▶ _Problem statement_: Please return the listing exactly as it stands, skipping any pictures.

▶ _Given material_:
· · · · ·
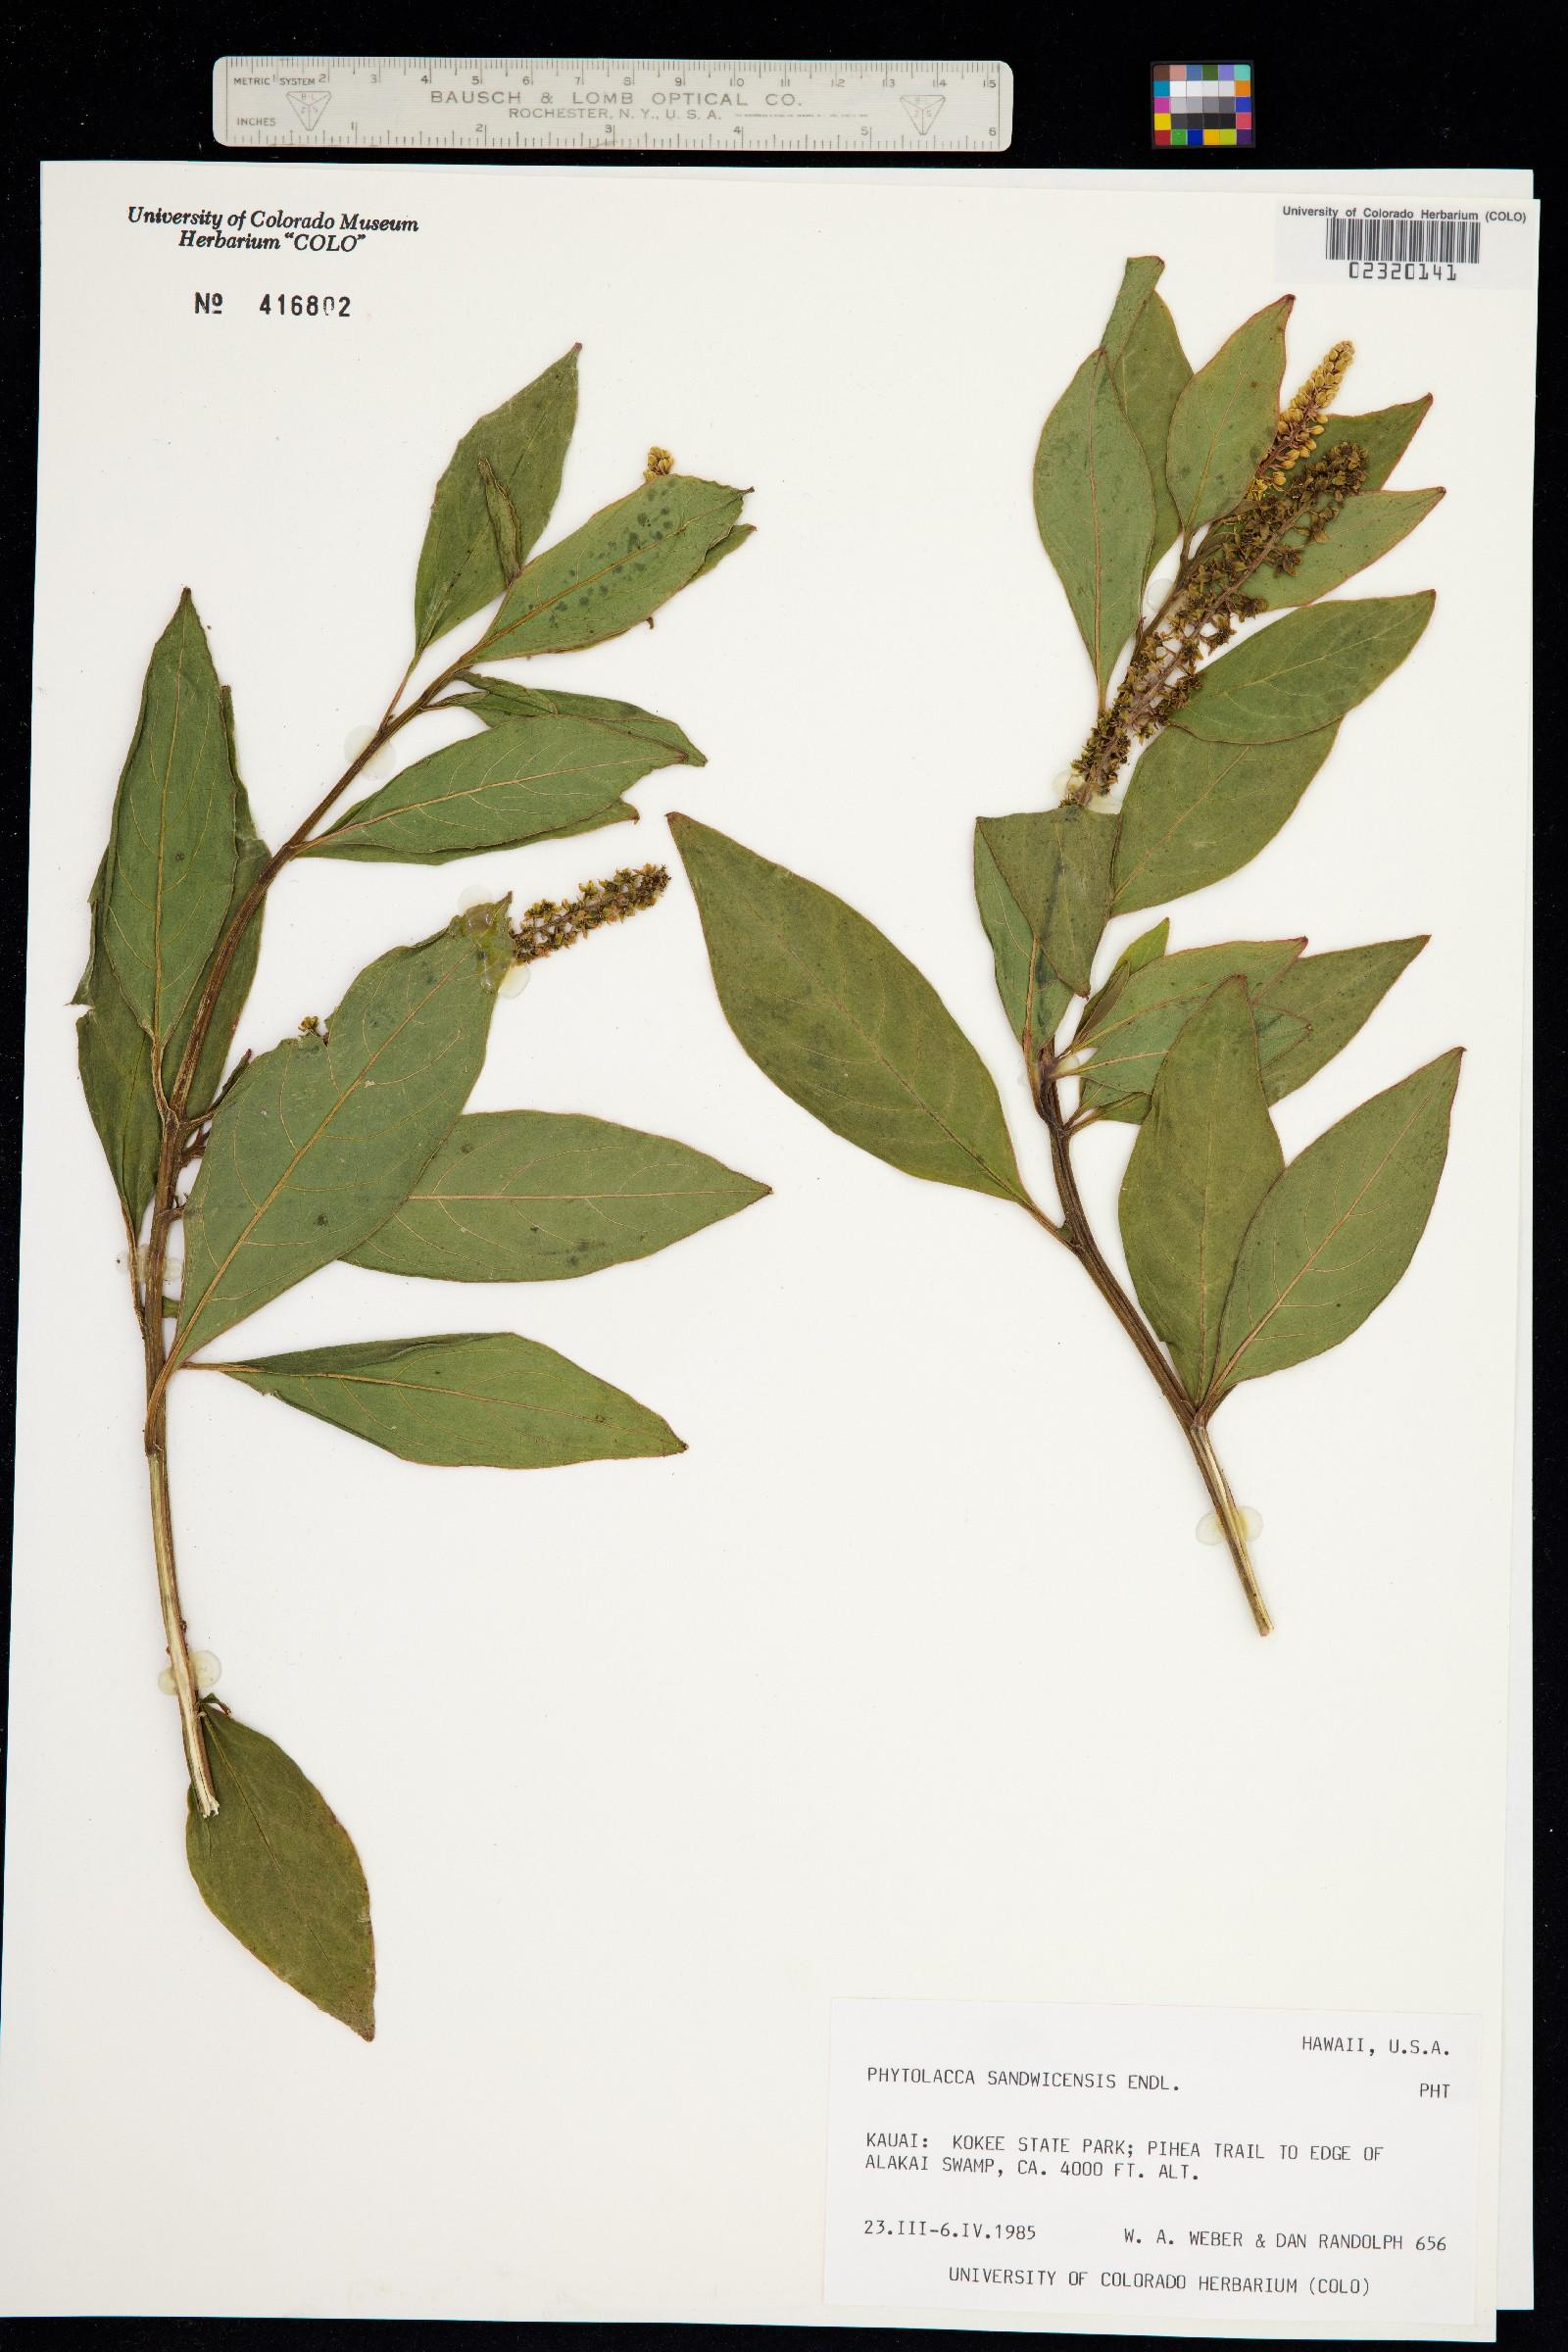 Phytolacca sandwicensis image
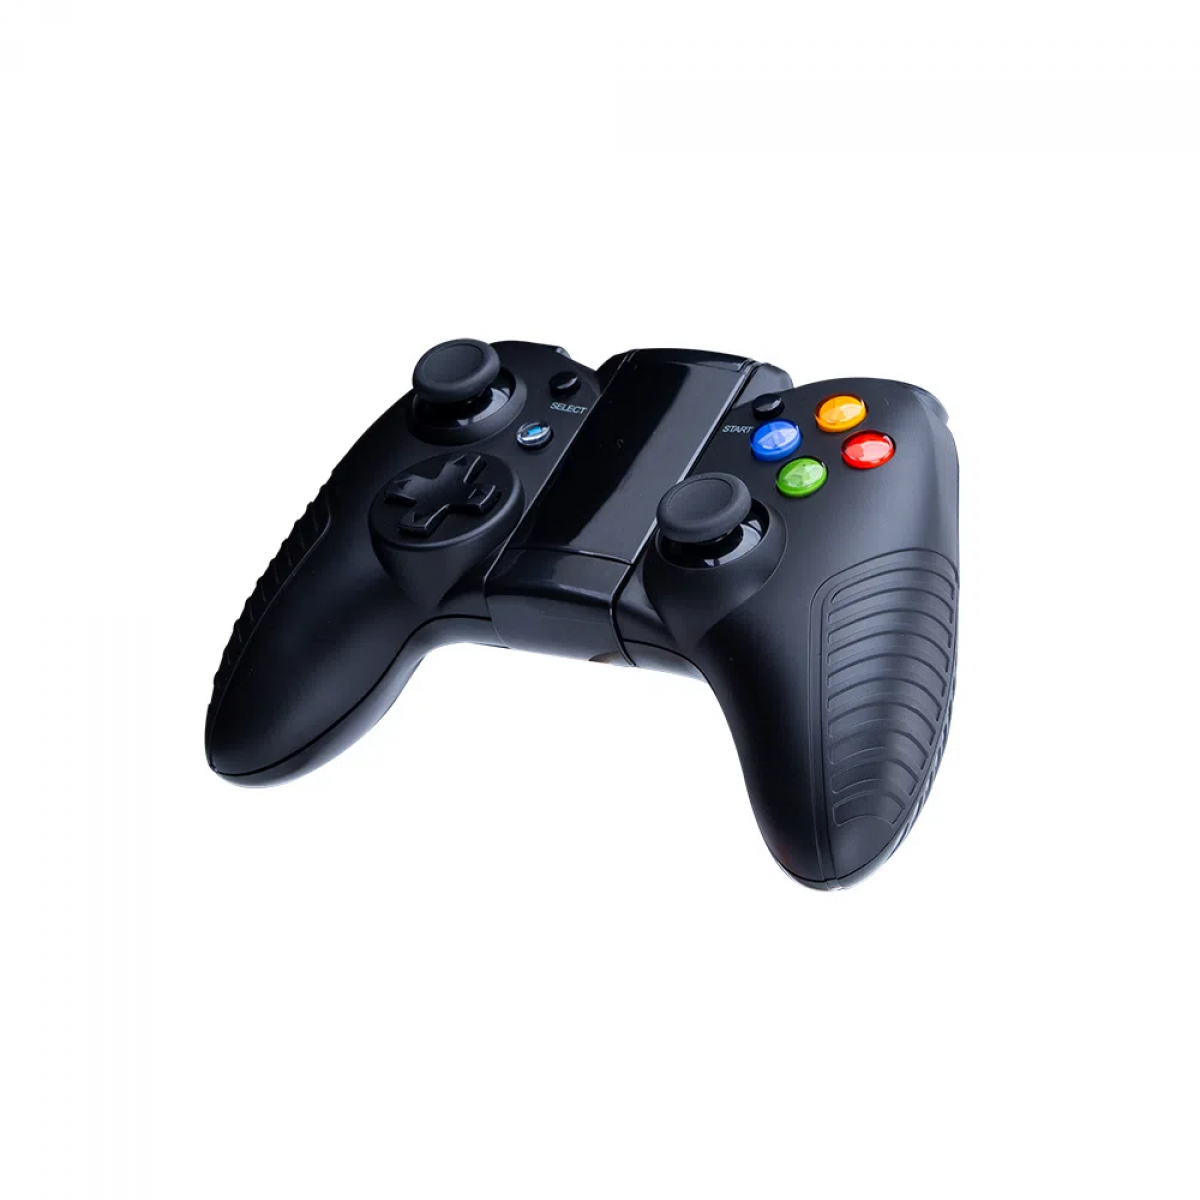 Controle para Mobile Dazz Orbiter, Android e IOS, Black, 62000001
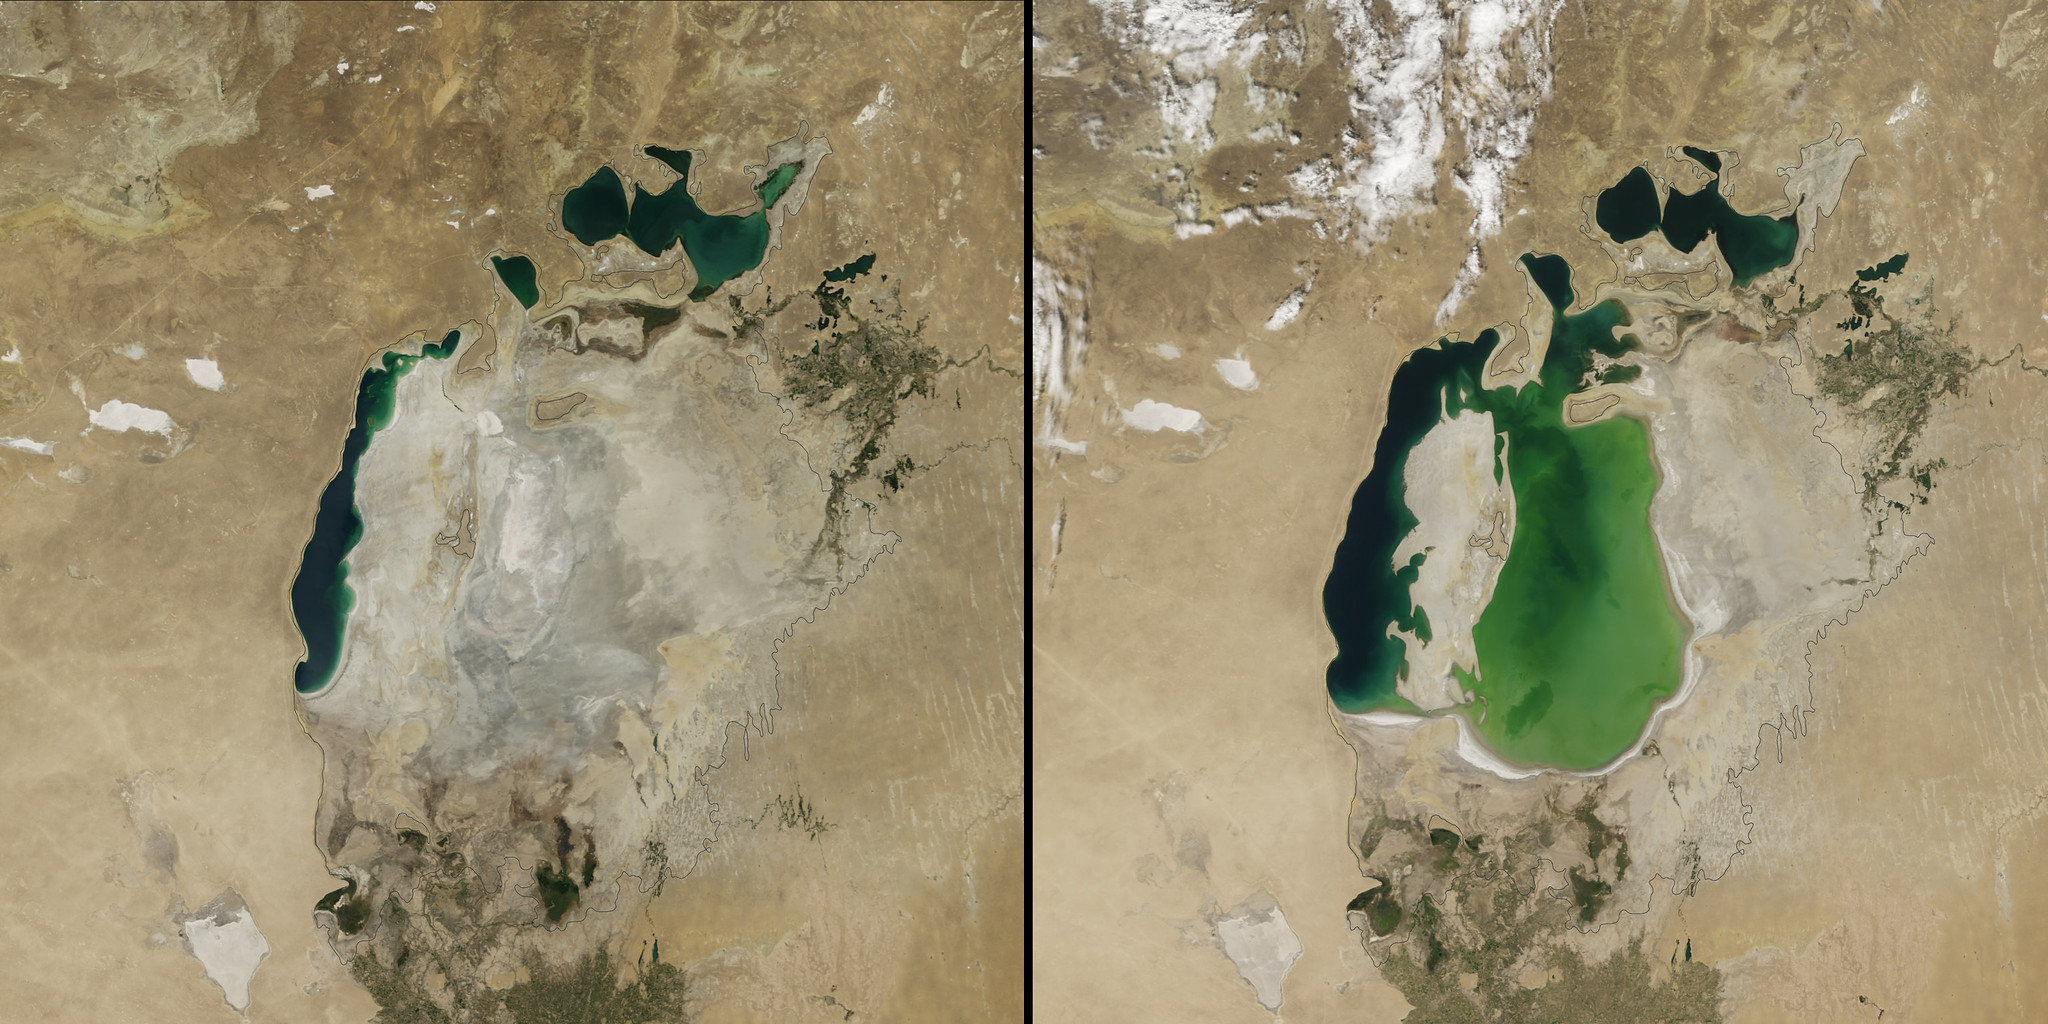 Shrinking Aral Sea
· · · · ·
▶ _Solution to the exercise_:
 Phytolacca sandwicensis image
 Controle para Mobile Dazz Orbiter, Android e IOS, Black, 62000001
 Shrinking Aral Sea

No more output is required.